While preaching, did you realize that you were also screwing up their lives

by JH 24 Replies latest jw friends

  • Mysterious
    Mysterious

    No I figured I was helping them. To the point where I even tried to convert friend's Id met on the internet. Luckily they saw through what I didnt and they were there for me still when I eventually left the organization.

    Now when I talk about the organization Im content in the fact that no one that hears me is going to be caught in their snare. I preach to twice as many people as I ever did before.

  • JH
    JH

    Gee, I must be the only one who knew I was screwing up their lives trying to bring them into the Org.

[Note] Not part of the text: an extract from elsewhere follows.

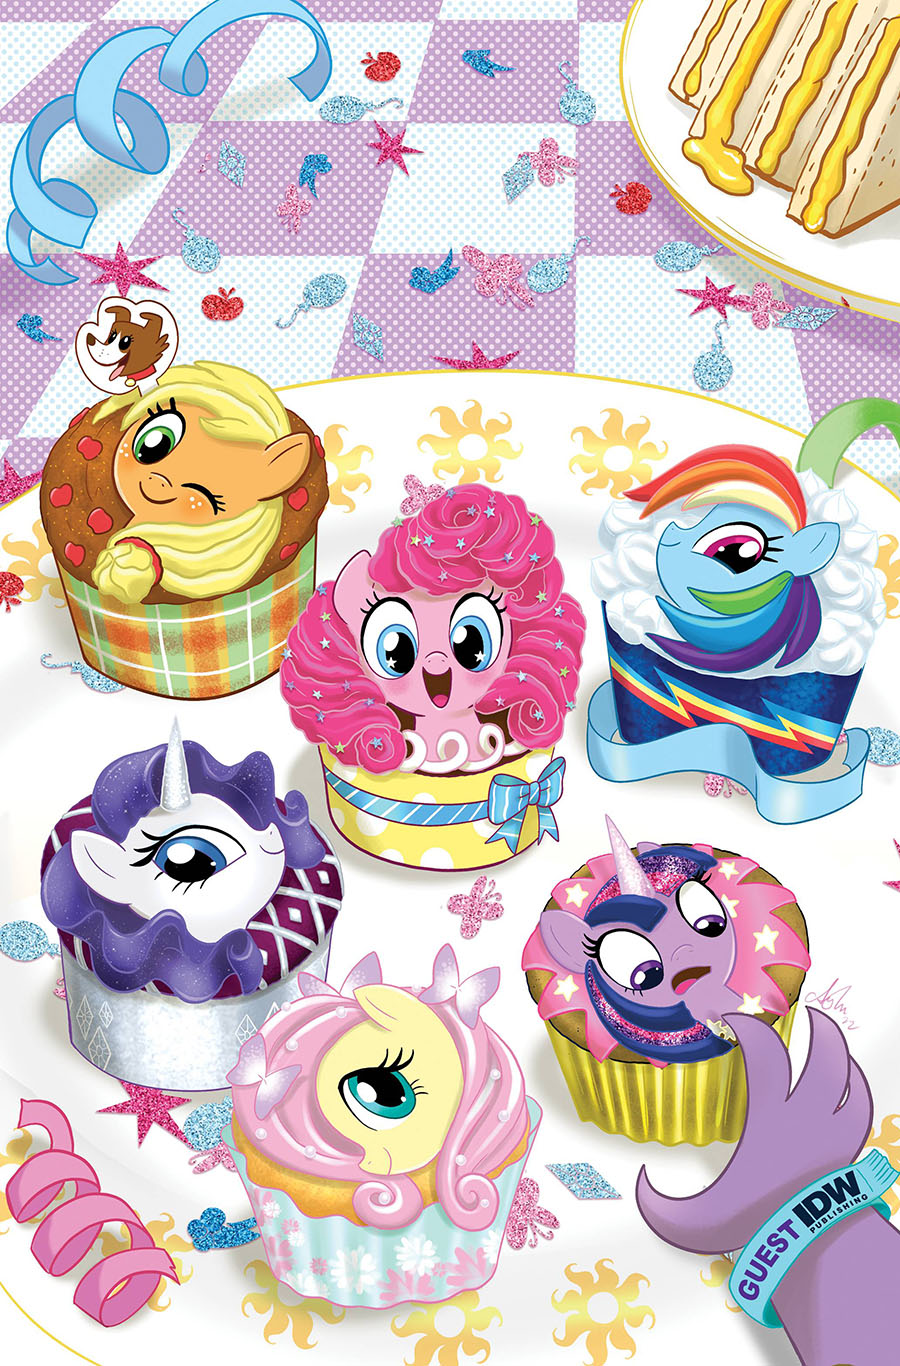 My Little Pony Friendship Is Magic 10th Anniversary Edition #1 (One Shot) Cover D Incentive Amy Mebberson Variant Cover

    The way I saw things, you had to give up alot to gain alot, but the kingdom didn't come, so people doing a sacrifice becoming a JW would only lose what they had previously.

    I guess I was never 100% JW...

  • Darth Yhwh
    Darth Yhwh

    To be perfectly honest, I didn't give a rat's as$ about they're lives. I just wanted to do the time so I could get on with my life and persue the things that were personally enjoyable.

  • jschwehm
    jschwehm

    Hi gang:

    I remember the last time I conducted a Bible Study. I had recently returned from Bethel and I was asked by someone to fill in for them. I was having serious doubts at the time about 1914 and other things but I went ahead and conducted the Bible Study anyway. While I was teaching this person the 1914 doctrine, I was saying to myself, "How can I teach this when I know deep down this is all baloney??!!". It was pretty much at that point that I vowed never to conduct a Bible Study with the JWs publications again. I also started to feel sorry for the guy because I realized that if he became a JW, I was assisting him to go down the same road of disappointment that I was going down.

    Jeff S.

    www.catholicxjw.com

  • Jamelle
    Jamelle

    I think there was a brief time - right after I was reinstated for the first and LAST time - that I got really into going out in service.

    Other than that - I hated it and never tried to really do good at it. I remember always feeling that it was very rude and presumptuous of me to tell a perfect stranger that their faith was wrong and mine was right - however prettily I put the words. I know I was taught that we were trying to save peoples lives - but it just didn't seem that way to me.

    I was never a good JW - not cut out for it! I do laugh about all those times I positioned my body so that my "partner" couldn't see I wasn't really pushing the doorbell button in. LOL! Sometimes I would say, "Wow - you can barely hear that ring from out here, can you?"

    I was always mad when someone didn't have a doorbell and I had to knock!